Future Of Smoothly Interacting AI assistants

Future Of Smoothly Interacting AI assistants

New techniques in natural language processing that capture semantic linkage between words are making machines better at understanding natural language.

We’re used to AI assistants—Amazon’s Alexa playing music in the living room, Apple’s Siri setting alarms on our phone—but they haven’t really lived up to their supposed smarts. They were supposed to ease our lives, but they’ve barely cast a dot. They recognize and interpret only a close range of signals and are easily confused by deviations and accents.

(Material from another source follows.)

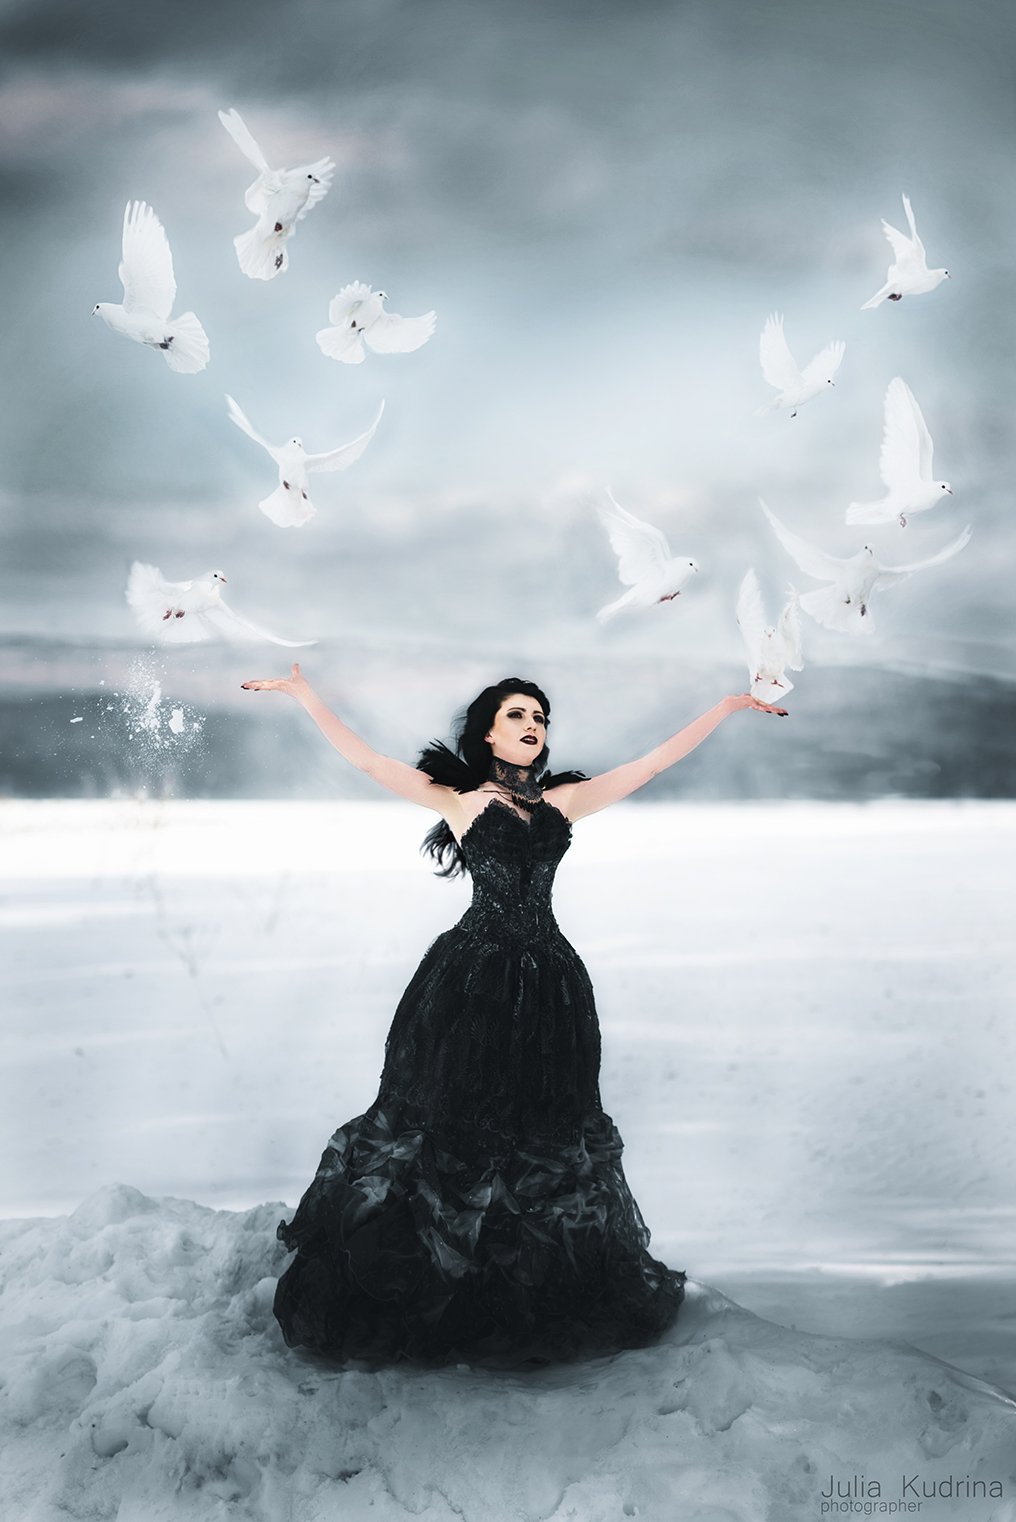 голуби белые голуби птицы зима девушка черное платье сказка, Юлия Кудрина

But some recent revolutions are about to enhance our digital assistants. Researchers at OpenAI developed a method that trains an AI on unlabeled text to avoid the expense and time of categorizing all the data manually. A few months later, a team at Google revealed a system called BERT that learned how to predict missing words by training over dataset having millions of sentences. In a multiple-choice test, it did as well as humans.

These improvements, in addition to better speech recognition, are letting us move from giving AI assistants simple commands and signals to having conversations with them. They’ll be able to deal with daily tasks like taking meeting notes, finding information, or shopping online as accurate and intelligently as a human assistant.

Some are already existing. Google Duplex, the human-like upgrade of Google Assistant, can attend our calls to screen for spammers and telemarketers. It can also make calls for us to schedule restaurant reservations or doctor appointments etc.

In China, consumers are getting used to Alibaba’s AliMe, which coordinates package deliveries over the phone and bargain about the price of goods over chat.

But while AI programs have gotten better, accurate and more intelligent in figuring out what we want, they still have trouble recognizing complete sentences or paragraphs. Lines are scripted or generated statistically, reflecting how hard it is to imbue machines with true Natural language Processing. Once we pass this barrier, we’ll have another evolution, possibly from logistics coordinator to babysitter, teacher or even friend?